I may be way off base here, but if the unit step is defined as

$U(x)=\left{0, \ x<0,
1, \ x \geq 0$

then $\ U(\sin(\pi t)) \$ is a periodic square wave with a period of 2. For example, it has a value of 1 from t = 0 to 1, 0 from t = 1 to 2, 1 from t = 2 to 3 and so on (I am being a bit sloppy here with overlap at the endpoints, but hopefully the waveform values are clear).

I will not try to take the LT of $\ U(\sin(\pi t)) \$ but I will take the LT of $\ U(t) \cdot U(\sin(\pi t)) \$ (at least according to how I defined it). Multiplying by U(t) makes the waveform equal to 0 for t<0. Otherwise, strange things tend to happen (convergence problems, I guess).

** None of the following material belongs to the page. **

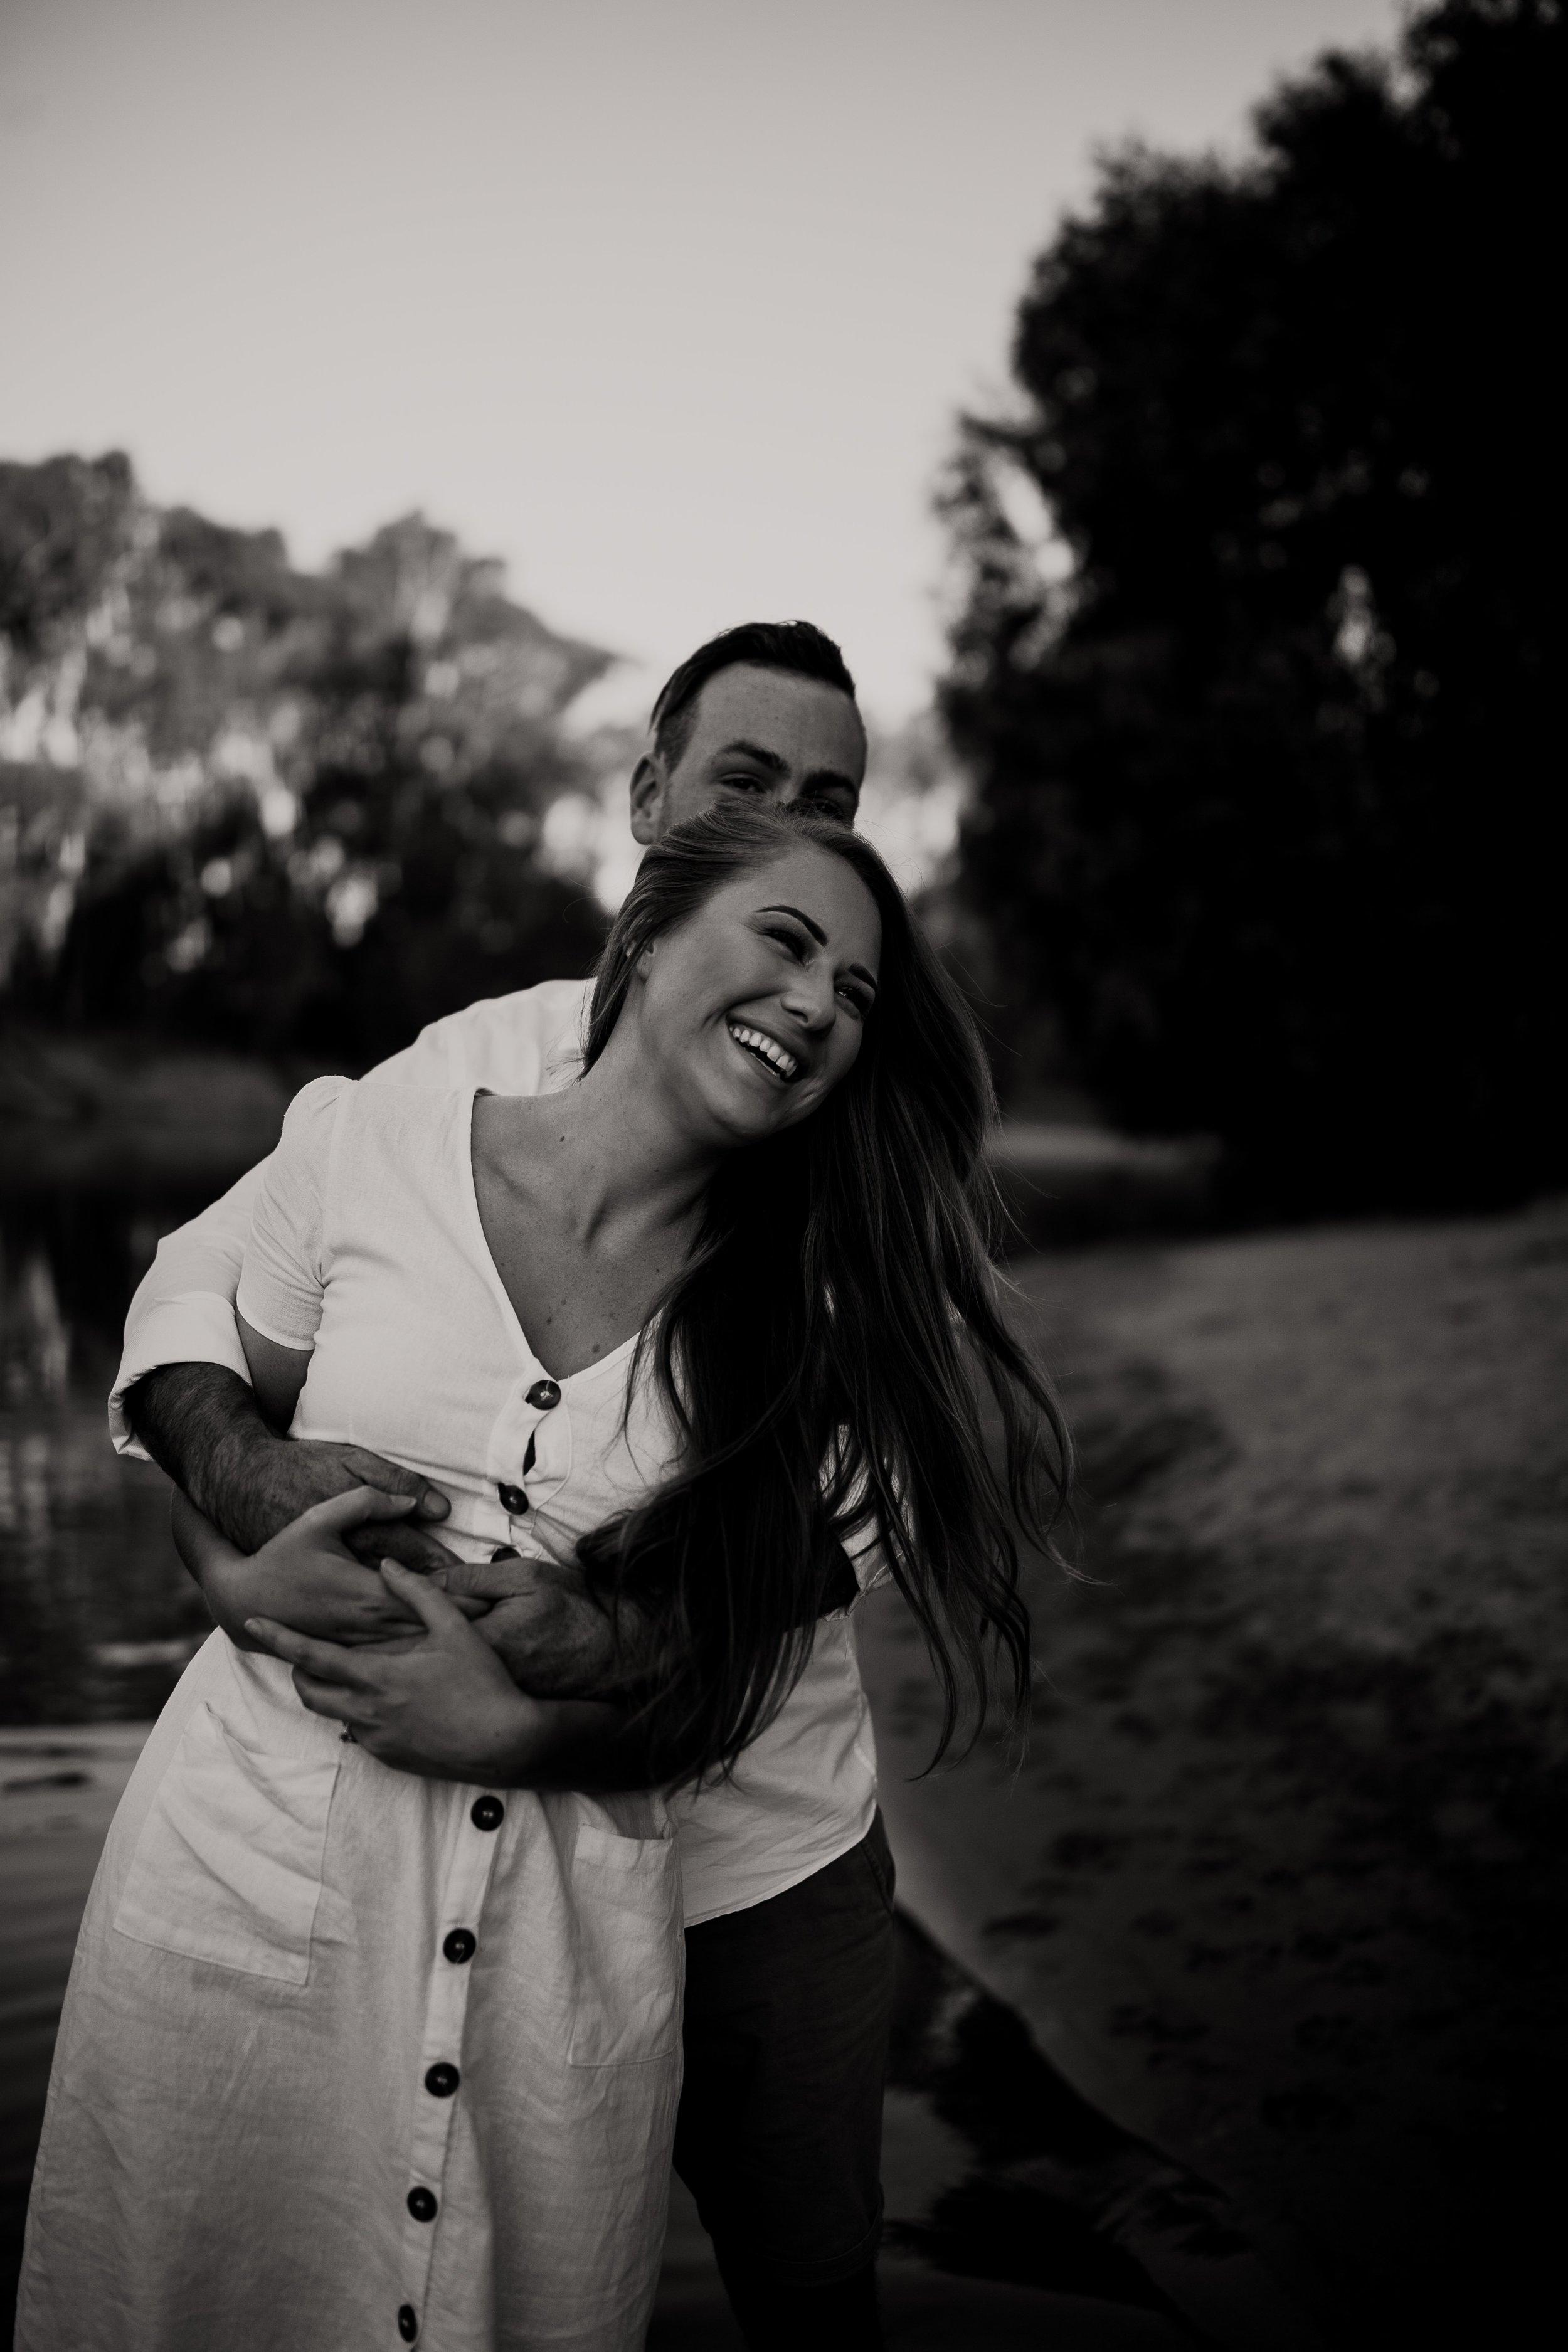 mickalathomas_puremacphotography_weddingphotographer_couplephotographer_Sheppartonphotographer_2844.jpg
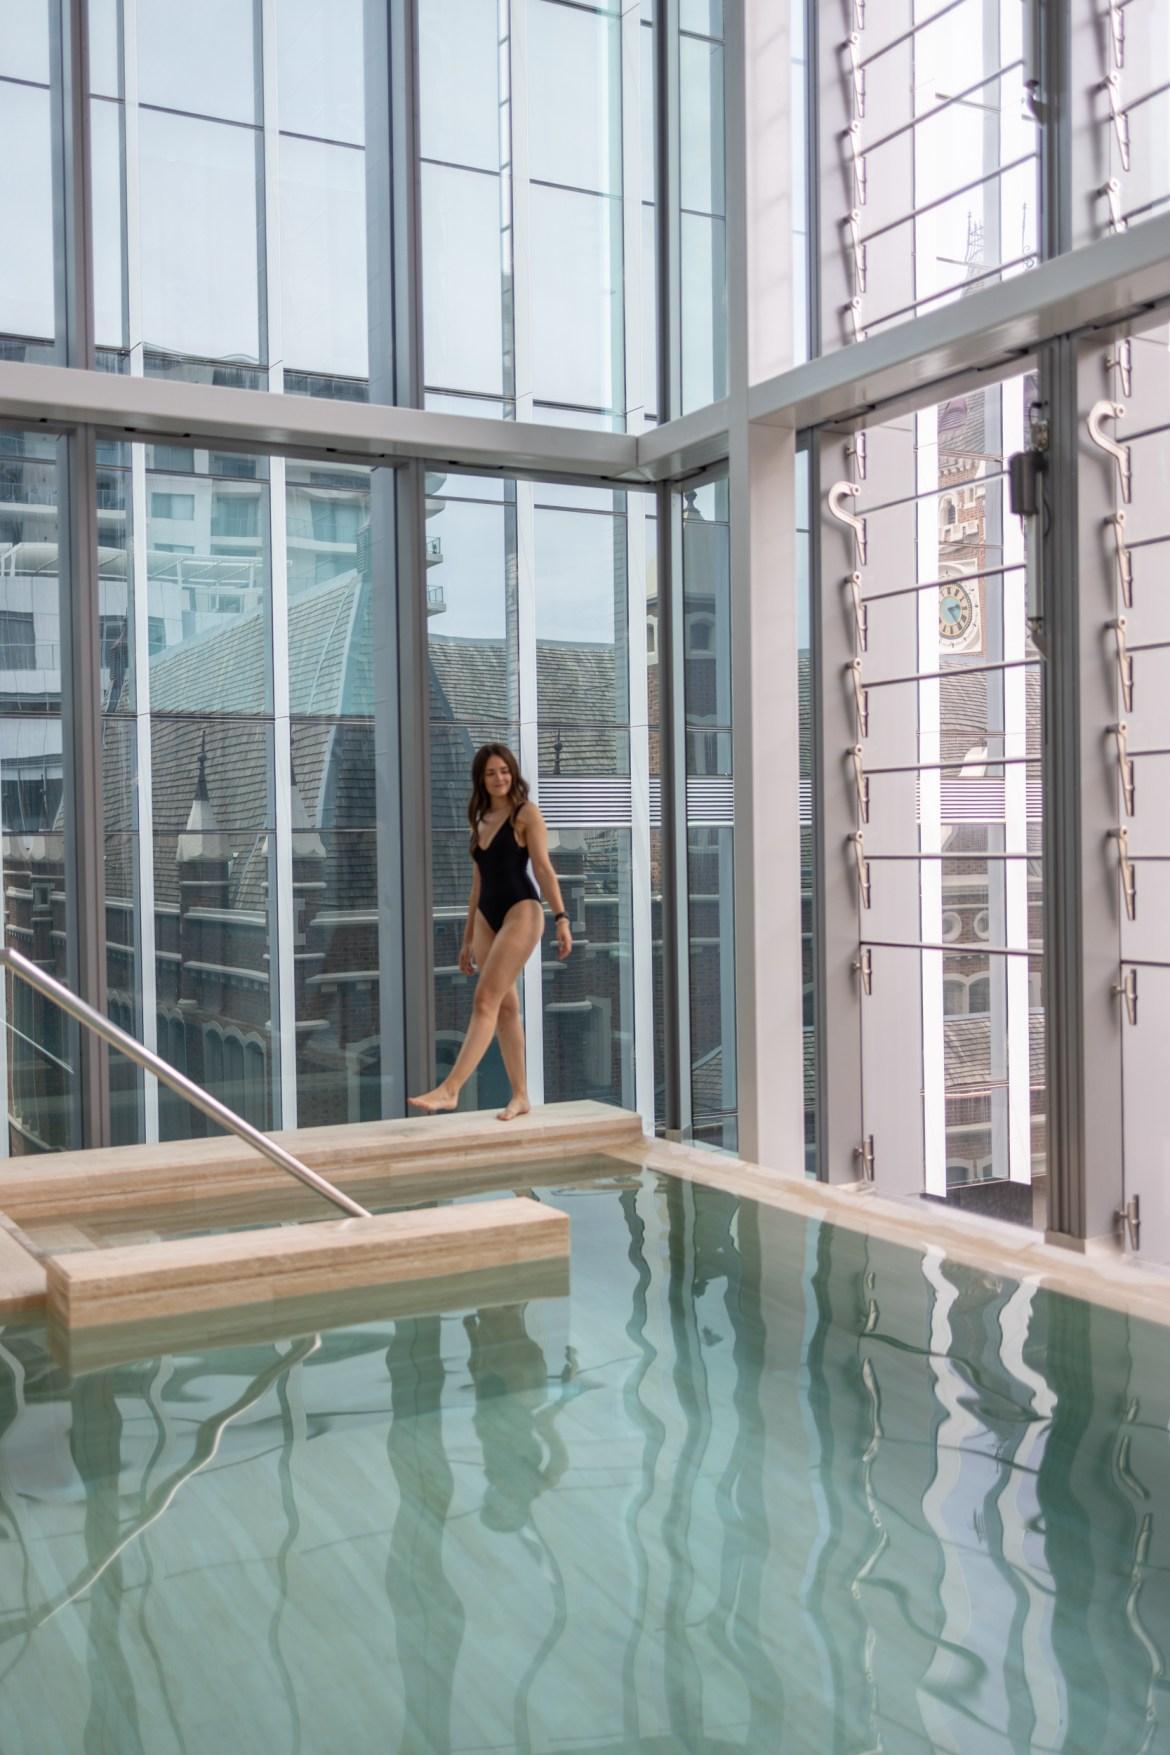 Indoor pool goals at Como the Treasury

I had to dust off a (very) old textbook for this, but let's define a function, f, for the first period:

$f(t)=U(t)-U(t-1) \$ whose LT is $\ F(s)=\frac{1}{s}-\frac{e^{-s}}{s}=\frac{1-e^{-s}}{s}$

Now we add in the periodic nature of the waveform by noting that:

$f_p(t)=f(t)+f(t-2)+f(t-4)+f(t-6)+... \$ and the LT of $\ f_p(t) \$ is:

$F_p(s)=F(s)(1+e^{-2s}+e^{-4s}+e^{-6s}+...)$

Since $\ (1+e^{-2s}+e^{-4s}+e^{-6s}+...)=\frac{1}{1-e^{-2s}}$

$F_p(s)=\frac{F(s)}{1-e^{-2s}}=\frac{1-e^{-s}}{s(1-e^{-2s})}=\frac{1-e^{-s}}{s(1-e^{-s})(1+e^{-s})}=\frac{1}{s(1+e^{-s})}$

So $\mathcal{L}(U(t) \cdot U(\sin(\pi t)))=\frac{1}{s(1+e^{-s})}$

Do you know if this is anywhere close to the answer?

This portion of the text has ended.